I remember being told as a child that people with Down syndrome used to be taken from their mothers as soon as they were diagnosed—typically at birth—and institutionalized, where they almost inevitably died in infancy or childhood. I was very disturbed by this, since both my mother and I had “simian palms,” hands where the headline extends clear across the palm in an unbroken line, and this is one of the physical characteristics of Down syndrome. (My mother used to tell me that only monkeys, people with Down syndrome, geniuses, and the two of us had simian palms, but whether any of this is true beyond the monkeys—thus, “simian”—and people with Down syndrome, I couldn’t say. I think she was just trying to make me feel better. But if any geniuses are out there reading this, please check your palms and report in.)

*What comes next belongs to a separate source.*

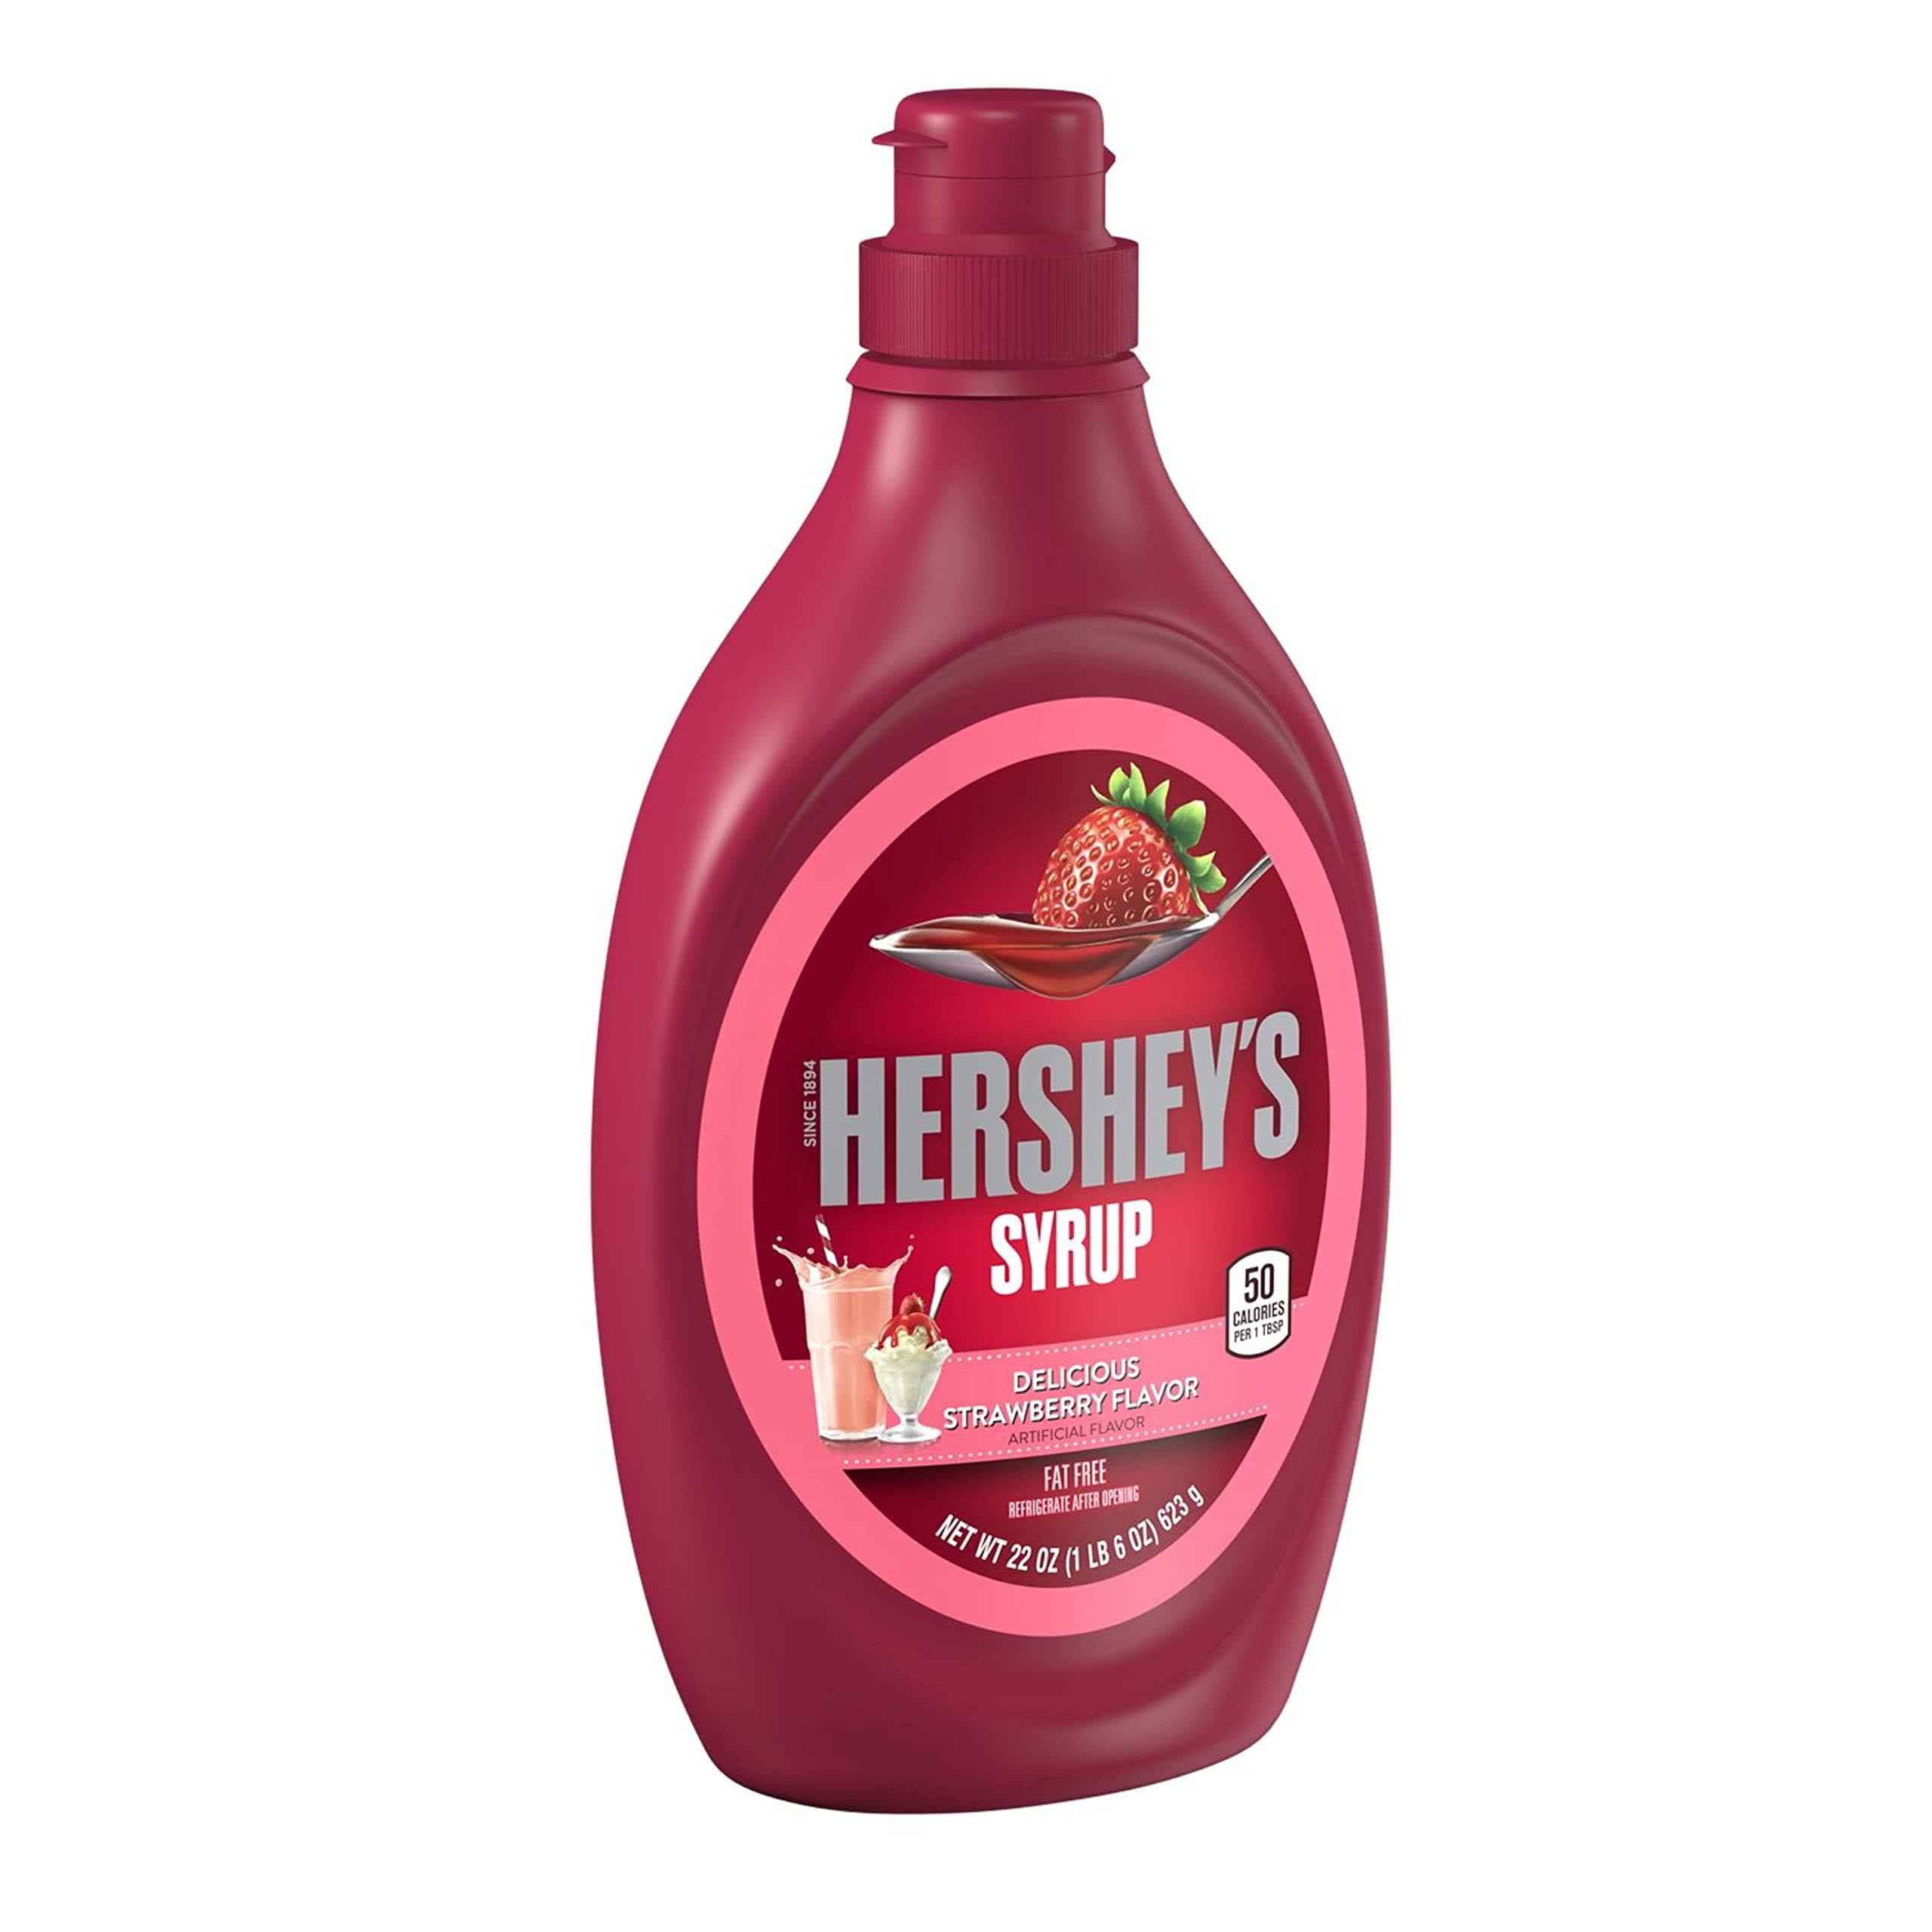 Hershey's Delicious Syrup - Strawberry Flavor, 22oz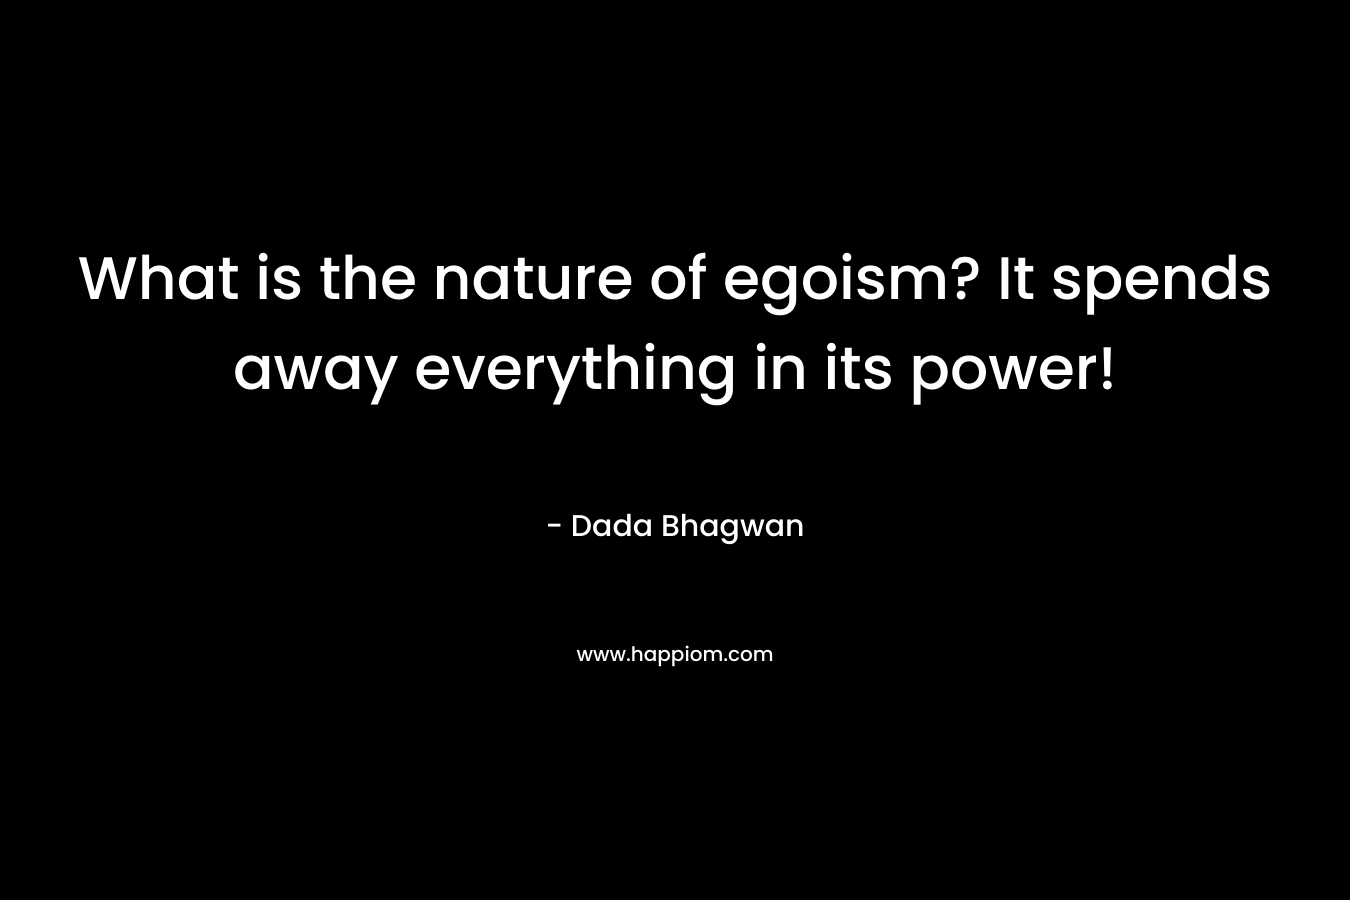 What is the nature of egoism? It spends away everything in its power! – Dada Bhagwan

Now, we have moved beyond that barbarity, and people with Down syndrome typically are raised with their siblings in a loving family atmosphere, educated, and sometimes taught a profession. Donny’s vocation is art. One of his sisters is also an artist, so it clearly runs in the family. I have seen Donny’s art, and it’s amazing. The first time I saw one of his canvases, I was speechless. It was not just good art, it was modern art as good as any I’d ever seen, worthy of a New York gallery, worthy of a museum. If his parents had the background and wherewithal, his art would be known worldwide. Instead, it continues to grace private homes and offices, and Donny remains unknown. Life’s lottery may seem to have passed him by, but though fame has eluded him, he’s been raised surrounded by love, and is in turn one of the sweetest, most loving people I’ve ever met.

And now, thanks to Christian, he’s an actor, too. Donny loves movies—his hero is Batman—so to actually be in a movie himself was a thrilling experience. Christian hopes to feature his uncle in many future videos, too. After all, someone has to protect ketchup from extermination by misguided bigots!

Incidentally, in case you’re wondering, ketchup really is evil. At least, major brands of ketchup are evil. The last time we saw Christian, he held up an offending bottle of ketchup and pointed to the ingredients, and there, sure enough, were the dreaded words “high-fructose corn syrup.” I don’t know about you, but I’m convinced that high-fructose corn syrup, which seems to be turning up in everything, is responsible for making us all fat. If you love ketchup like we do, I urge you to look for a corn fructose-free brand. Or be adventurous and make your own!

Admittedly, I have not (yet) tried this. We buy our ketchup from a local family-owned business, Bauman’s in nearby Sassamansville, PA. (Their apple butter and other fruit butters—18 in all—are outstanding, and they use all-natural ingredients with no additives or preservatives. Go to www.baumanfamily.com to check out their products, see if they’re carried by stores in your area, or order them directly if not.) The Bauman’s ketchup bottle lists the ingredients as tomatoes, garden peppers, white grape juice concentrate, celery, onions, cider vinegar, and spices.

I was going to give you all a ketchup recipe from one of my most interesting cookbooks, going way back to 1979, called Better Than Store-Bought, about making all sorts of condiments and the like from scratch. But mercy, it was a very long recipe!

So instead, I’ll clue you in as to the spices they used, in case you want to try making your own: garlic, salt, mustardseeds, whole allspice berries, stick cinnamon, whole black peppercorns, bay leaf, whole cloves, ground or whole coriander seed, celery seed, and dried red pepper flakes or hot sauce. The authors used paste tomatoes and added a mix of brown and white sugar instead of Bauman’s preferred white grape juice concentrate. And I wasn’t surprised to see that they’d tied all those whole spices into a cheesecloth bag and put it in the tomato mixture while it was cooking, then removed it before pouring the finished ketchup into jars and home-canning it.

Whether you buy your ketchup or make it at home, avoid the evil high-fructose corn syrup. As one of the actors in “To Hell with Ketchup” aptly notes, “It’s depraved!”